Retype, word for word, the line holding "咖啡豆, 科纳咖啡, 牙买加蓝山咖啡, 咖啡因, 棕色 壁纸 1920x1080 允许" and each line after it down to the end of the data; pictures are not copied.

== Supplied data ==
-----
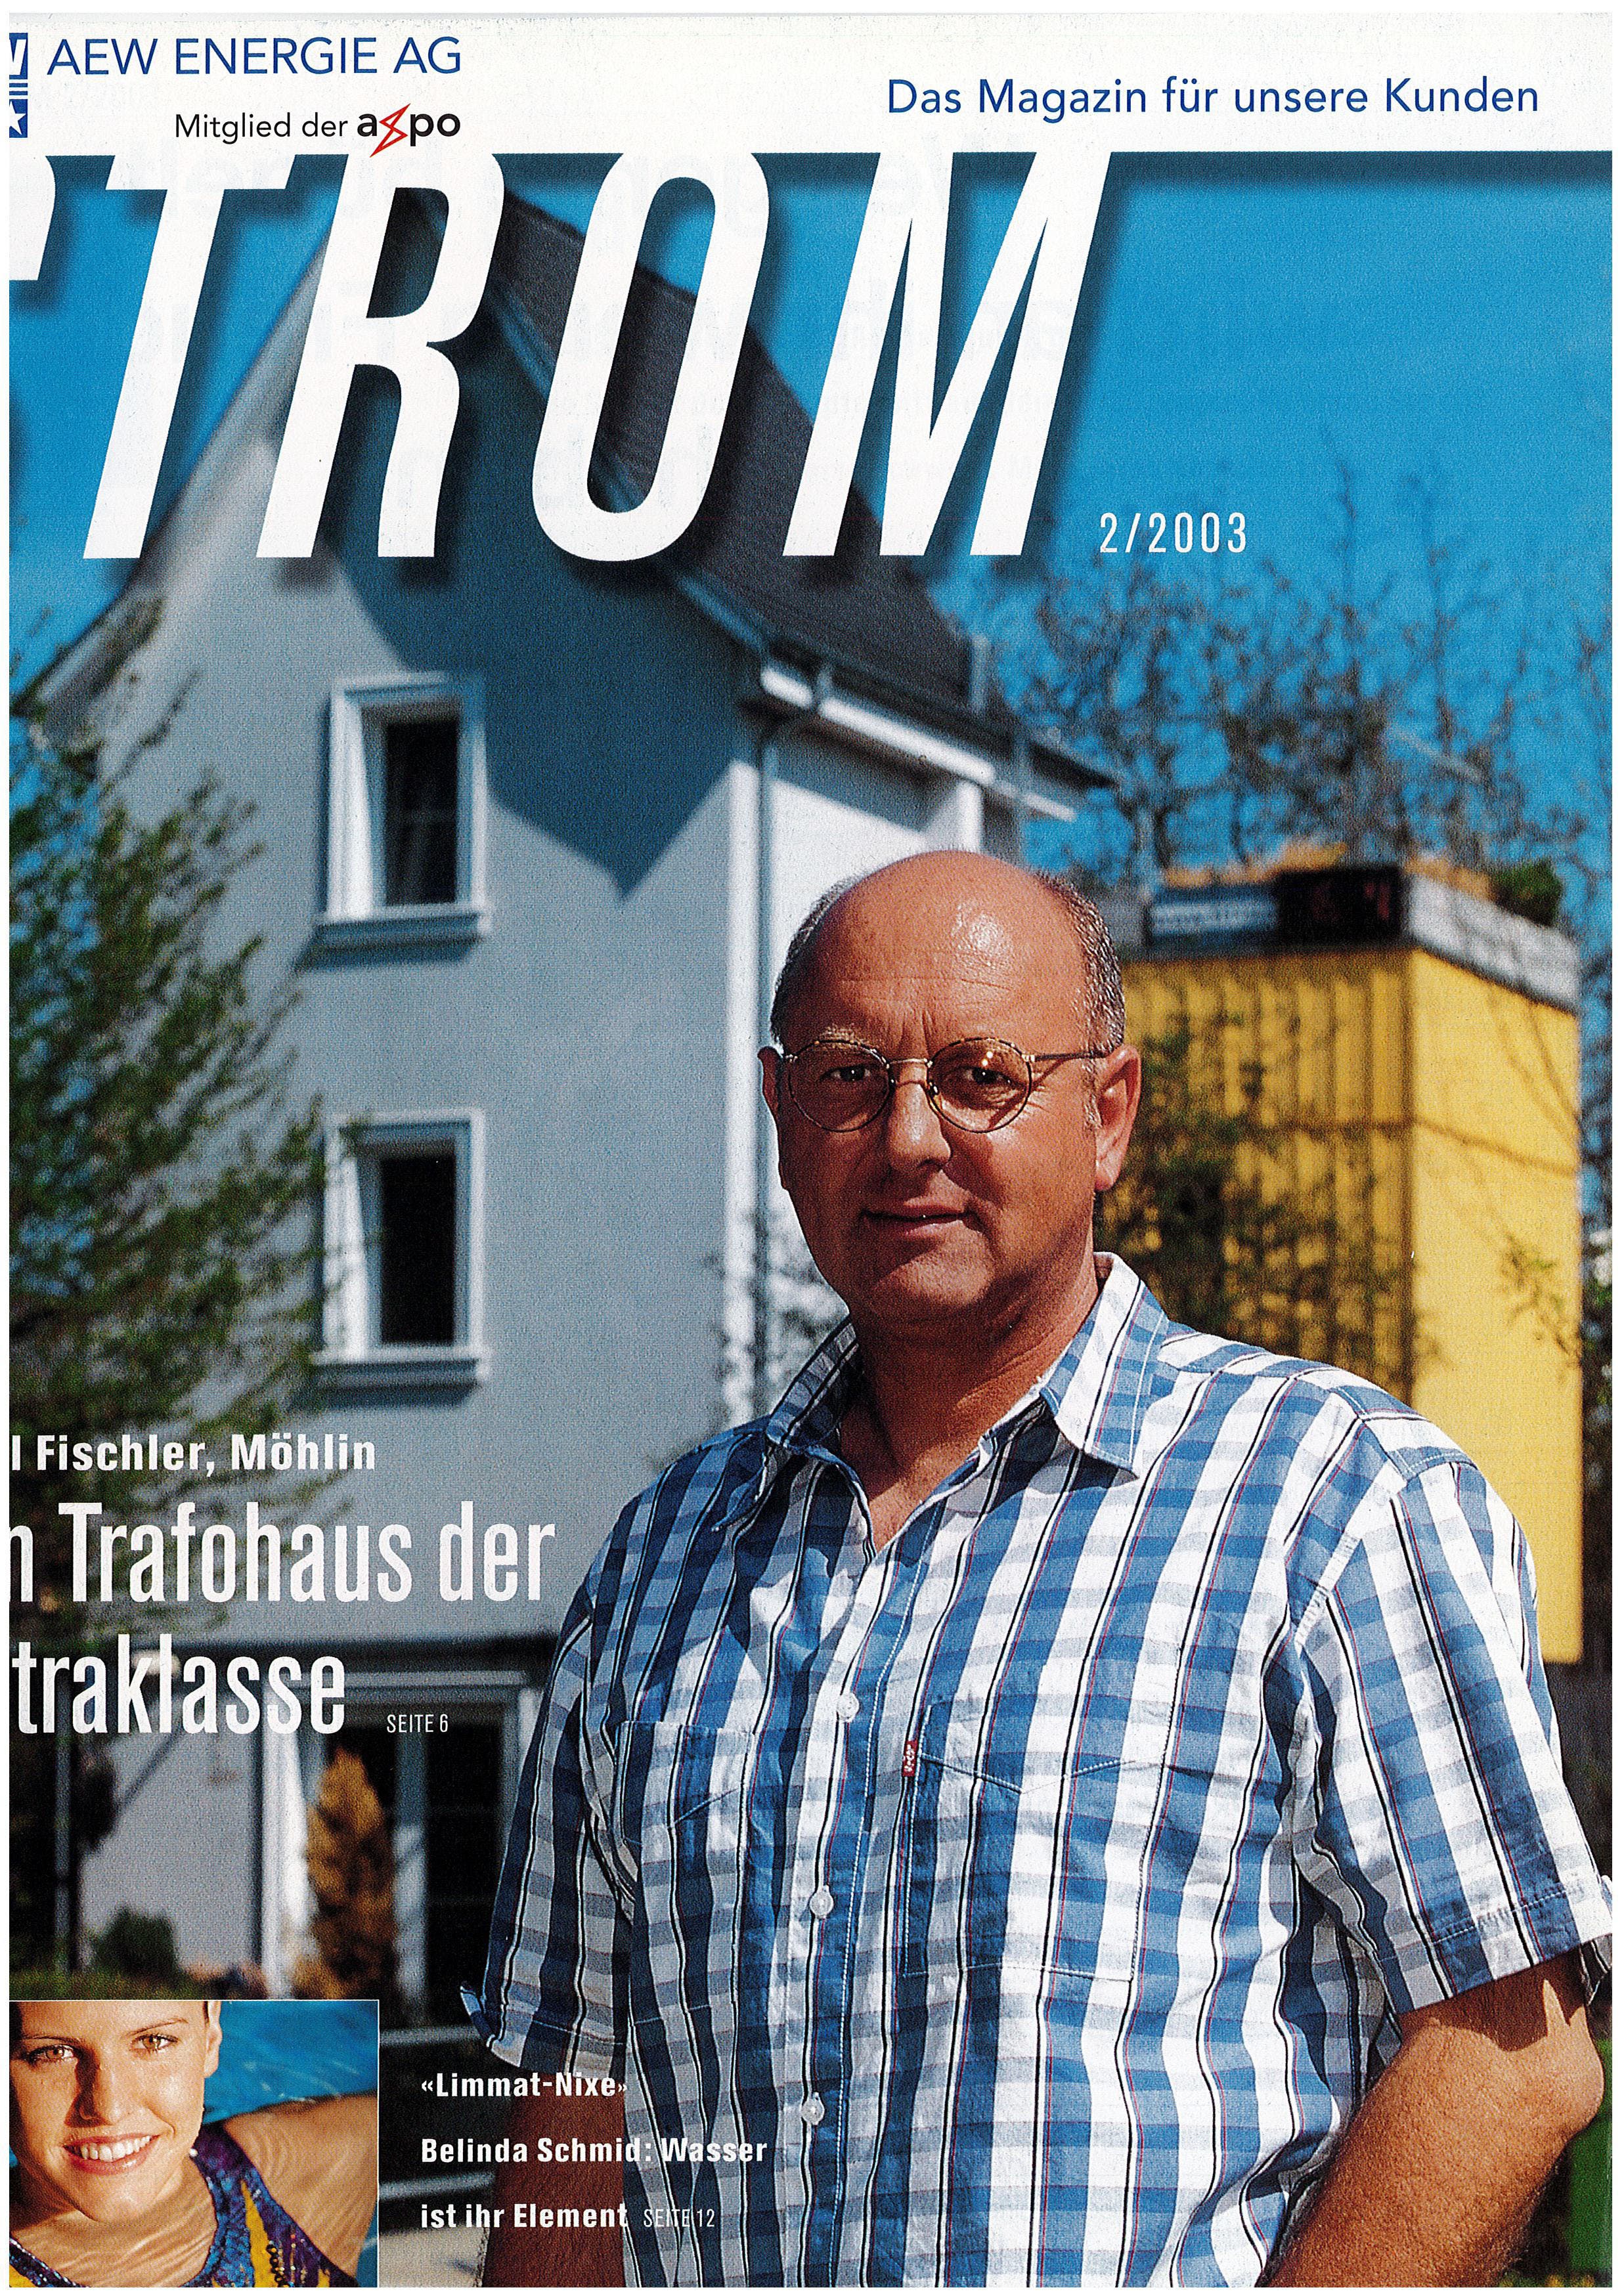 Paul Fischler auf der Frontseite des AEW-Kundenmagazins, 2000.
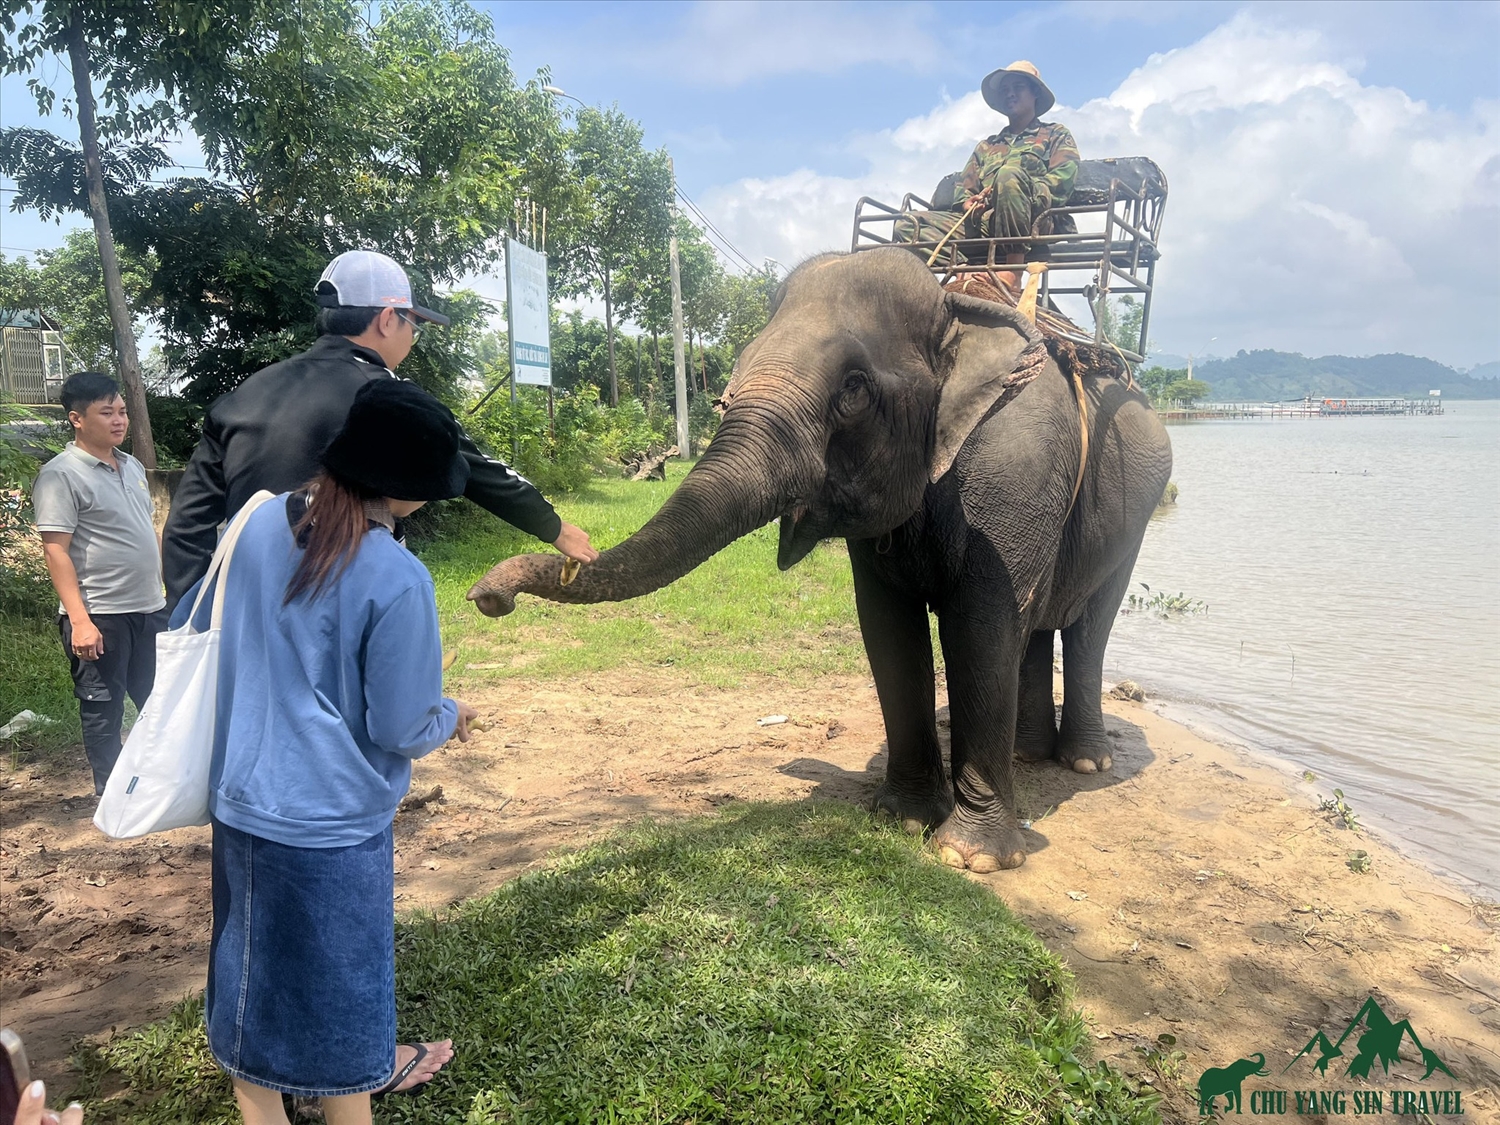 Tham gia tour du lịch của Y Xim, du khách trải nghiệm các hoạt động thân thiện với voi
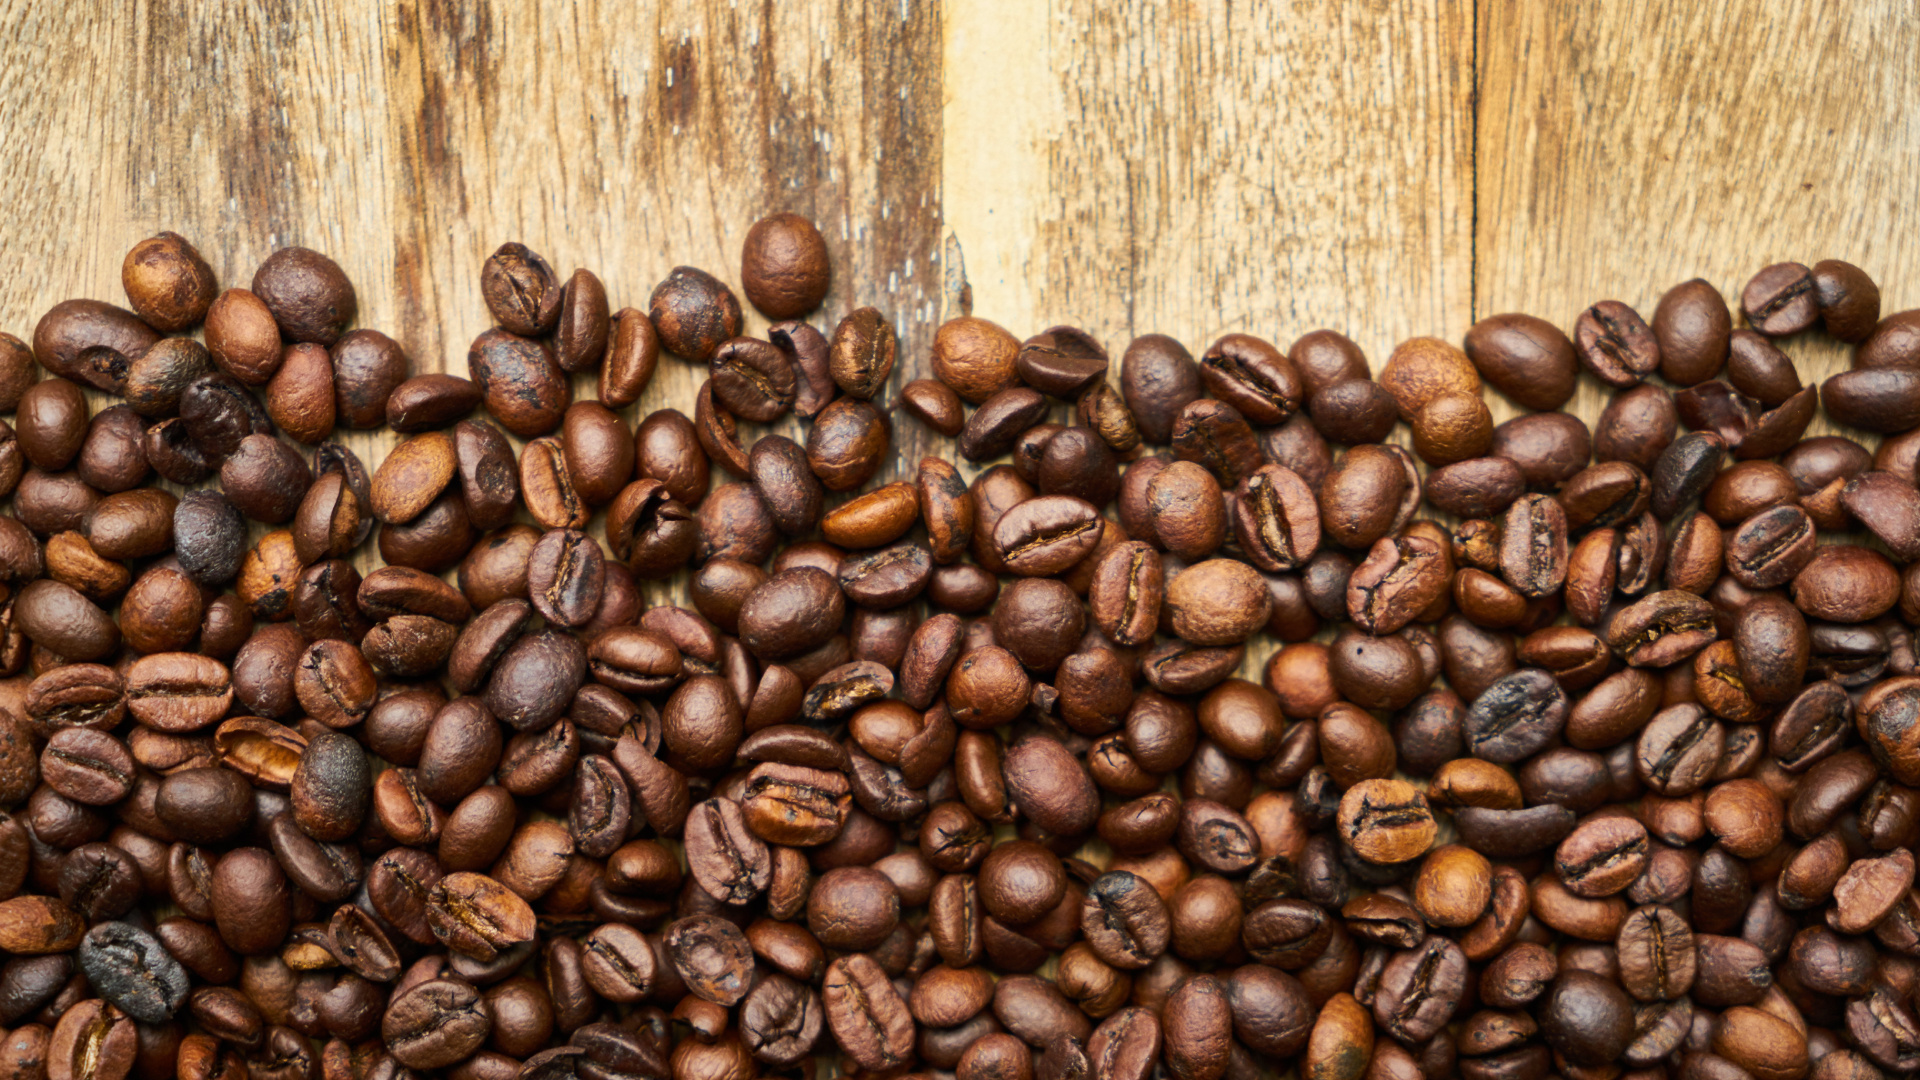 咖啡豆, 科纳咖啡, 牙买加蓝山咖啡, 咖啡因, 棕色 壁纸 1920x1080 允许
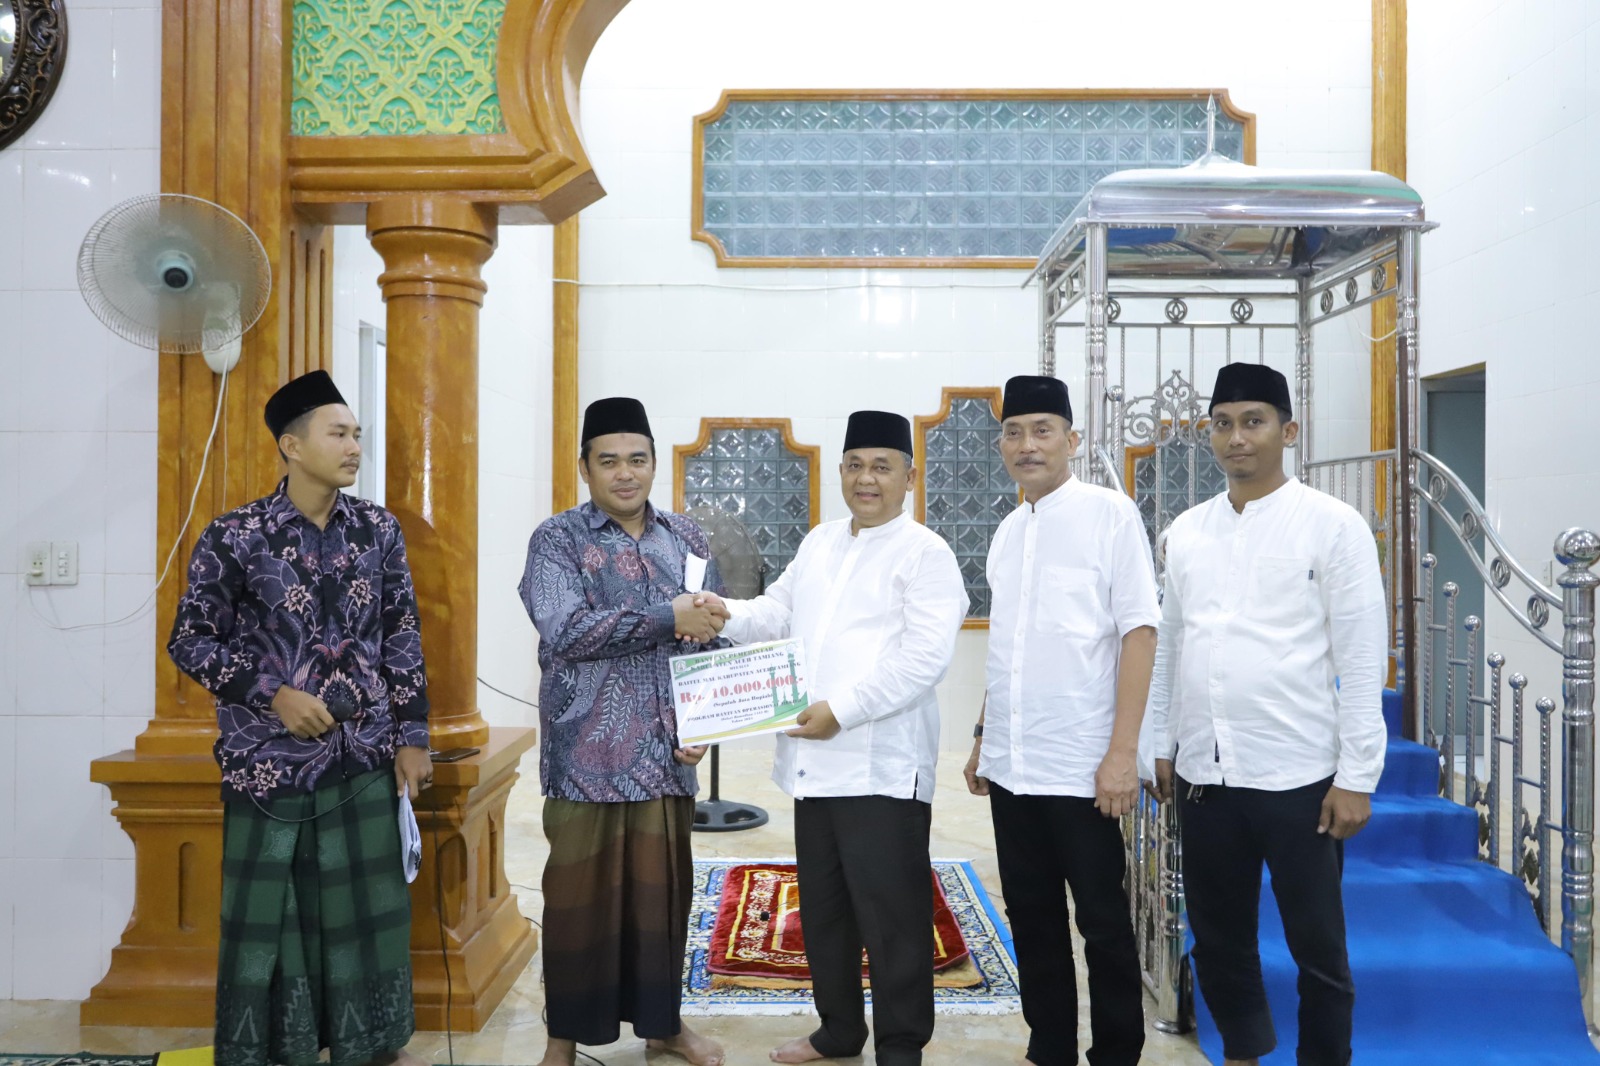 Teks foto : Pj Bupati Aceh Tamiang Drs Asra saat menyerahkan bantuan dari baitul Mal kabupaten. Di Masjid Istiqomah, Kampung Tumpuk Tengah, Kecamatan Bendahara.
-----
== Exercise result ==
 咖啡豆, 科纳咖啡, 牙买加蓝山咖啡, 咖啡因, 棕色 壁纸 1920x1080 允许
 Teks foto : Pj Bupati Aceh Tamiang Drs Asra saat menyerahkan bantuan dari baitul Mal kabupaten. Di Masjid Istiqomah, Kampung Tumpuk Tengah, Kecamatan Bendahara.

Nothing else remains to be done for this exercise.